Nelle prime settimane il riferimento più diffuso è 8-12 poppate in 24 ore. Fra 1 e 6 mesi, in uno studio che ha pesato 71 bambini prima e dopo ogni poppata, la media è risultata di 11 poppate al giorno, con bambini sani che ne facevano 6 e altri che ne facevano 18. Il numero da solo non dice se il bambino mangia abbastanza: lo dicono i pannolini e la crescita.

Allattare a richiesta vuol dire che il bambino sta sempre attaccato?

Può capitare in alcune giornate, soprattutto nelle prime settimane e la sera. Se però il bambino resta attaccato quasi tutto il giorno e in più i pannolini bagnati sono pochi o la crescita è ferma, non è una fase da aspettare: va fatto valutare l'attacco e la suzione.

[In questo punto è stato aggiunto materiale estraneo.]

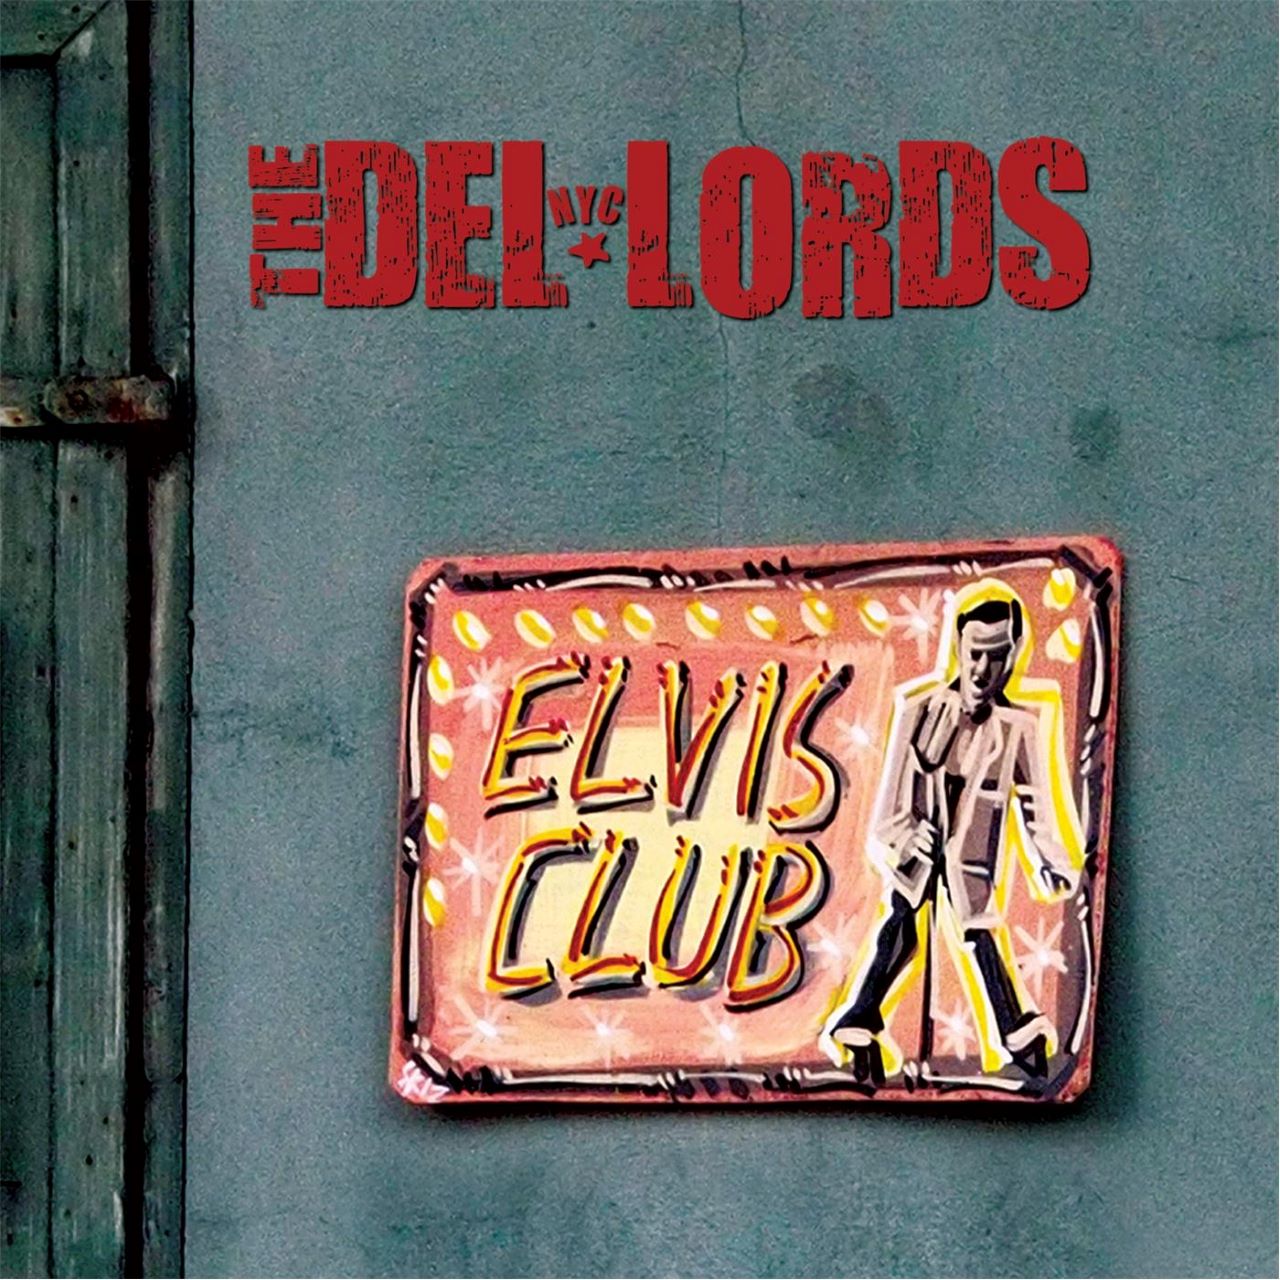 Del Lords - Elvis Club cover album
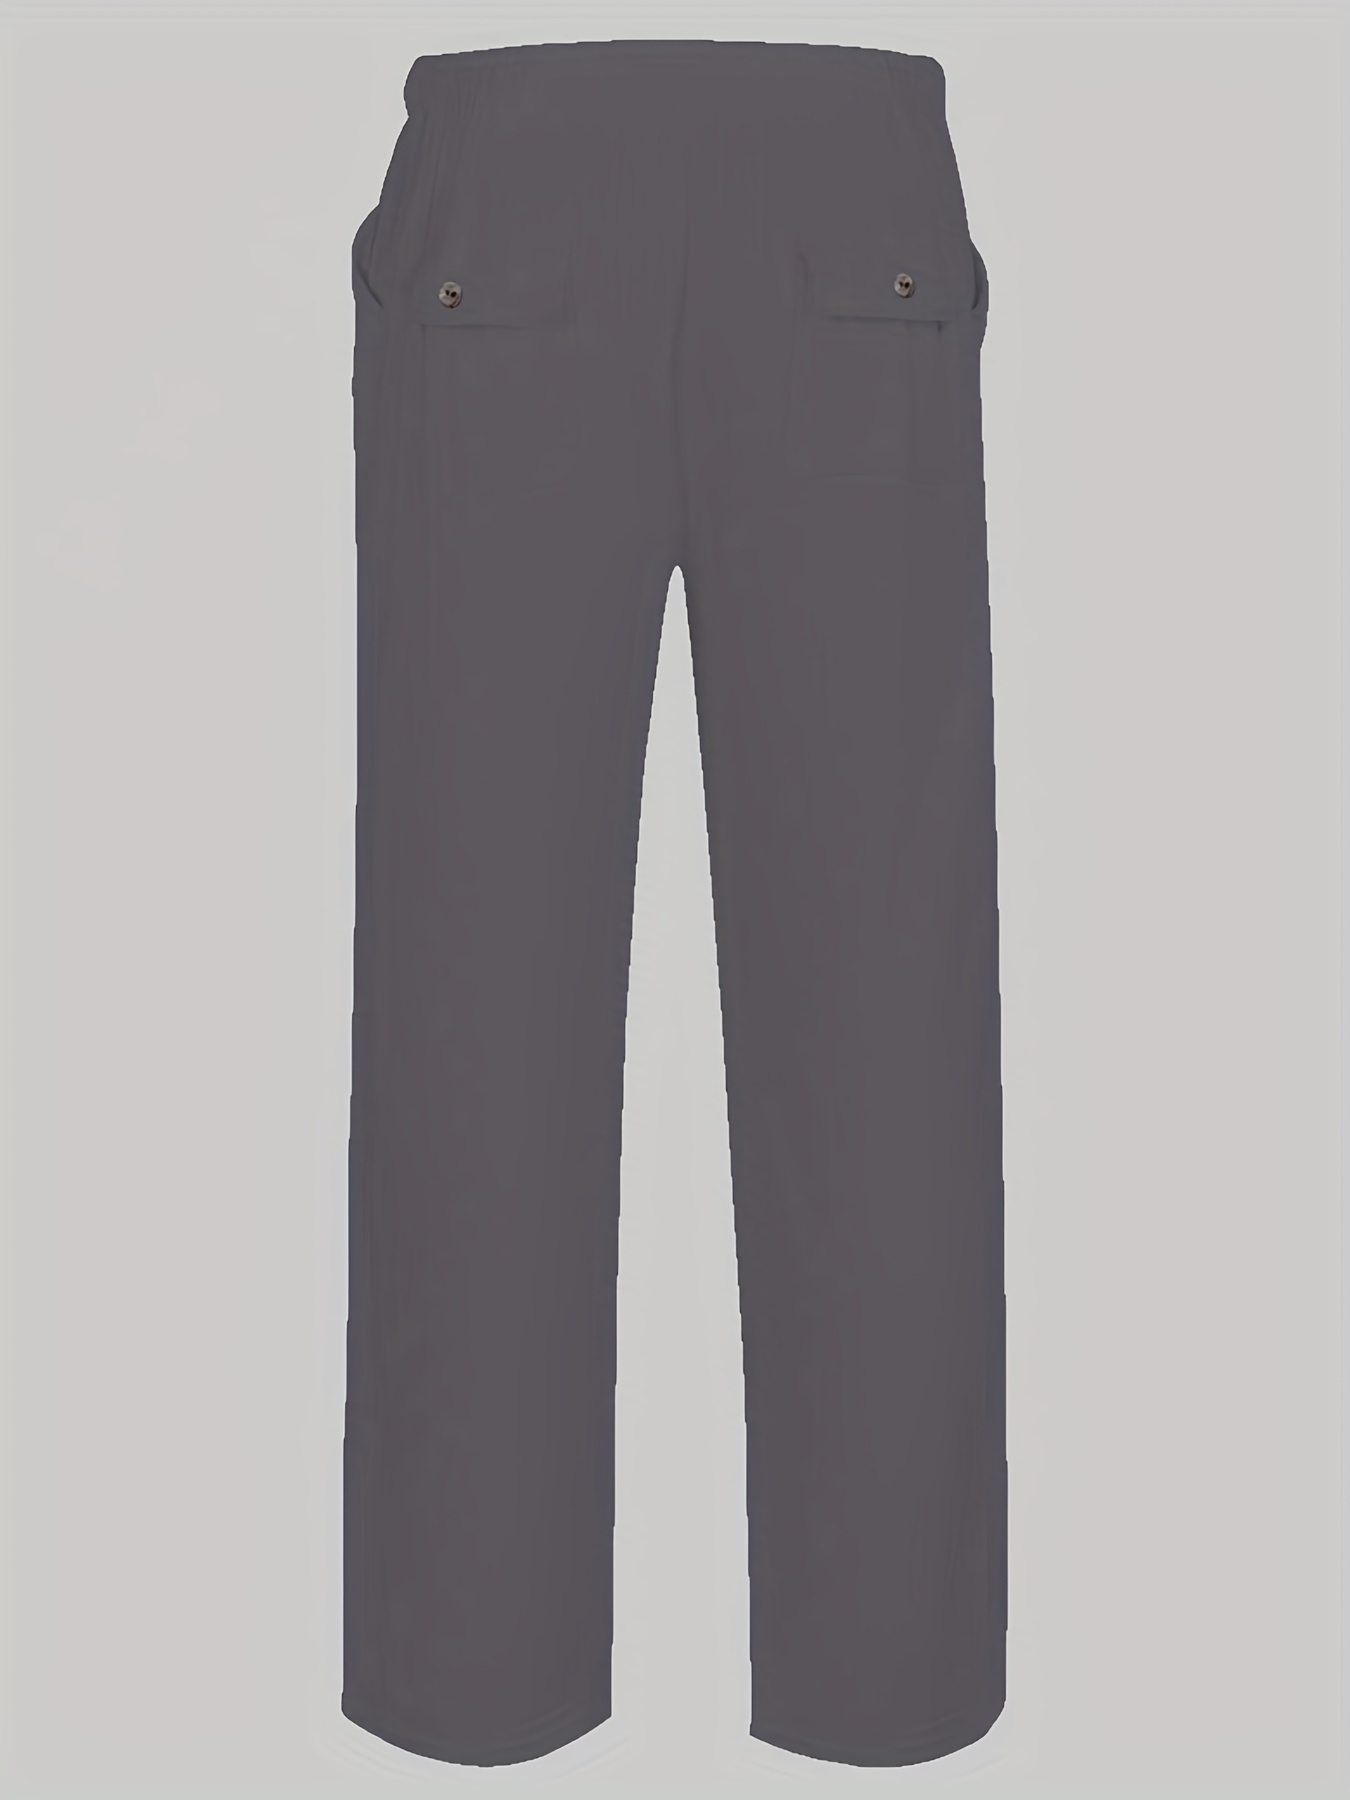 mens cotton linen blend long pants loose elastic waist large pocket trousers

Quante poppate fa un bambino di 3 mesi?

Meno che a un mese. Lo studio che ha seguito le stesse coppie mamma-bambino fra 1 e 6 mesi ha visto le poppate diminuire fra il primo e il terzo mese e poi restare stabili fino al sesto, mentre la quantità di latte assunta in 24 ore non cambiava. Le poppate si accorciano perché il bambino svuota il seno più in fretta.

Con il latte artificiale si può allattare a richiesta?

Sì, e le indicazioni ufficiali lo dicono: si dà il biberon quando il bambino mostra di avere fame, e non lo si forza a finirlo. Il riferimento di quantità è 150-200 ml per chilo di peso al giorno fino ai 6 mesi, che è un totale sulla giornata e non una dose da rispettare a ogni poppata.

Quando serve aggiungere il latte artificiale?

Nei primi giorni è una decisione clinica. Il protocollo dell'Academy of Breastfeeding Medicine sull'integrazione elenca fra i casi in cui è indicata l'ipoglicemia documentata con un esame del sangue, i segni di disidratazione e un calo di peso pari o superiore all'8-10% dal quinto giorno in poi. Fuori da situazioni come queste, l'aggiunta va decisa insieme al pediatra e non per rassicurazione.

È normale che chieda ancora di notte a 4 o 5 mesi?

Sì. Nello studio svedese su 506 bambini allattati in modo esclusivo, a qualunque età al massimo il 2% non poppava durante la notte. Le poppate notturne danno un contributo importante al totale di latte della giornata.